May 28 17:37:23 foreman.dkrz.de systemd[1]: Started Pulp Resource Manager.
May 28 17:37:25 foreman.dkrz.de pulpcore-resource-manager[38626]: pulp: pulpcore.tasking.services.worker_watcher:INFO: Cleaning up shutdown worker 'resource-manager'.
May 28 17:37:25 foreman.dkrz.de pulpcore-resource-manager[38626]: Traceback (most recent call last):
May 28 17:37:25 foreman.dkrz.de pulpcore-resource-manager[38626]: File "/usr/bin/rq", line 11, in <module>
May 28 17:37:25 foreman.dkrz.de pulpcore-resource-manager[38626]: load_entry_point('rq==1.5.2', 'console_scripts', 'rq')()
May 28 17:37:25 foreman.dkrz.de pulpcore-resource-manager[38626]: File "/usr/lib/python3.6/site-packages/click/core.py", line 829, in __call__
May 28 17:37:25 foreman.dkrz.de pulpcore-resource-manager[38626]: return self.main(*args, **kwargs)
May 28 17:37:25 foreman.dkrz.de pulpcore-resource-manager[38626]: File "/usr/lib/python3.6/site-packages/click/core.py", line 782, in main
May 28 17:37:25 foreman.dkrz.de pulpcore-resource-manager[38626]: rv = self.invoke(ctx)

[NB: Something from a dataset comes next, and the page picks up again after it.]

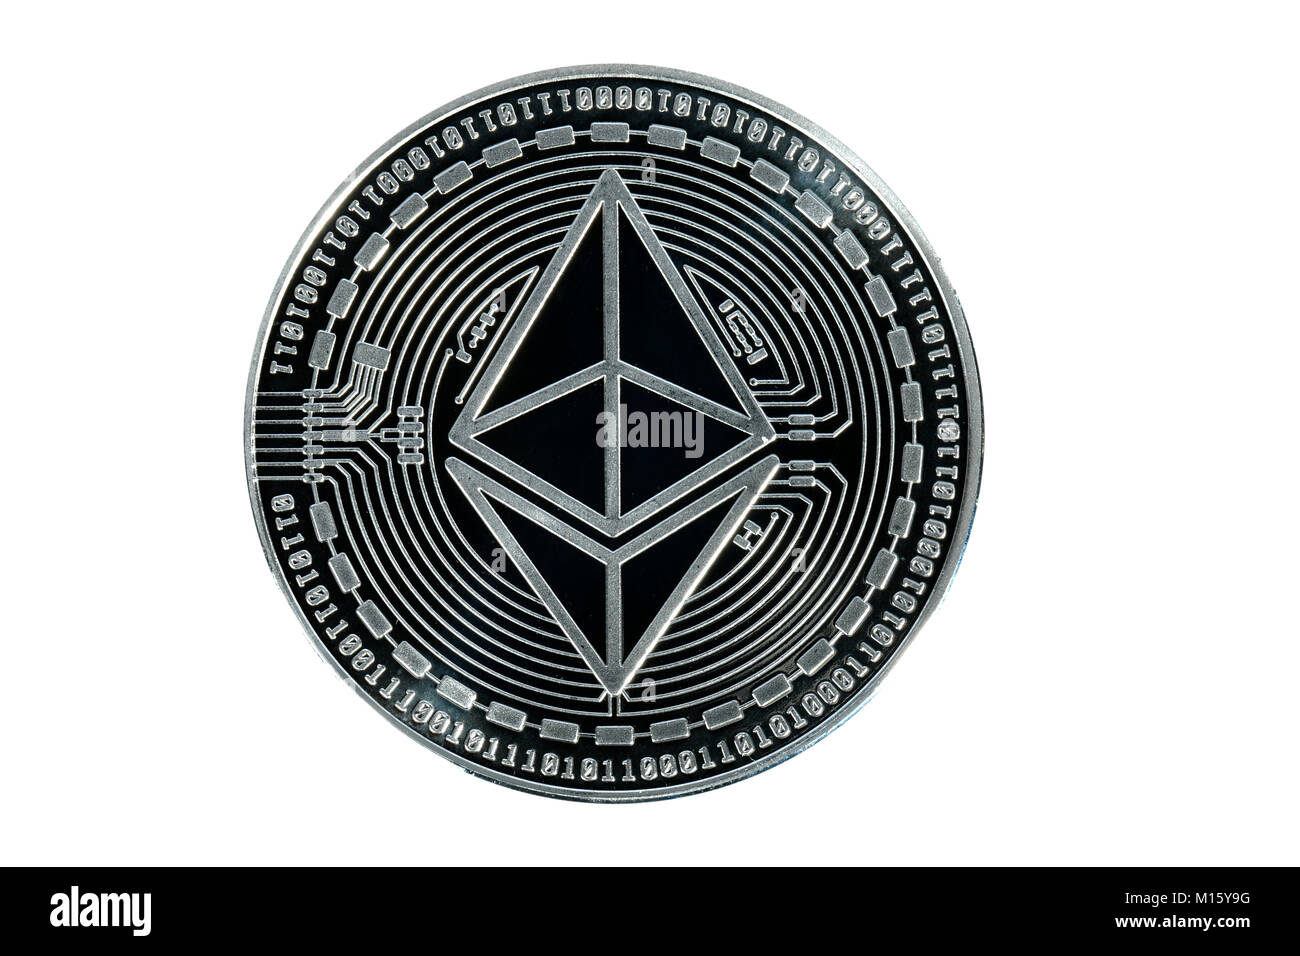 Photo symbole Cryptocurrency,la monnaie numérique,découpe,Ethereum pièce d'argent Banque D'Images

May 28 17:37:25 foreman.dkrz.de pulpcore-resource-manager[38626]: File "/usr/lib/python3.6/site-packages/click/core.py", line 1259, in invoke
May 28 17:37:25 foreman.dkrz.de pulpcore-resource-manager[38626]: return _process_result(sub_ctx.command.invoke(sub_ctx))
May 28 17:37:25 foreman.dkrz.de pulpcore-resource-manager[38626]: File "/usr/lib/python3.6/site-packages/click/core.py", line 1066, in invoke
May 28 17:37:25 foreman.dkrz.de pulpcore-resource-manager[38626]: return ctx.invoke(self.callback, **ctx.params)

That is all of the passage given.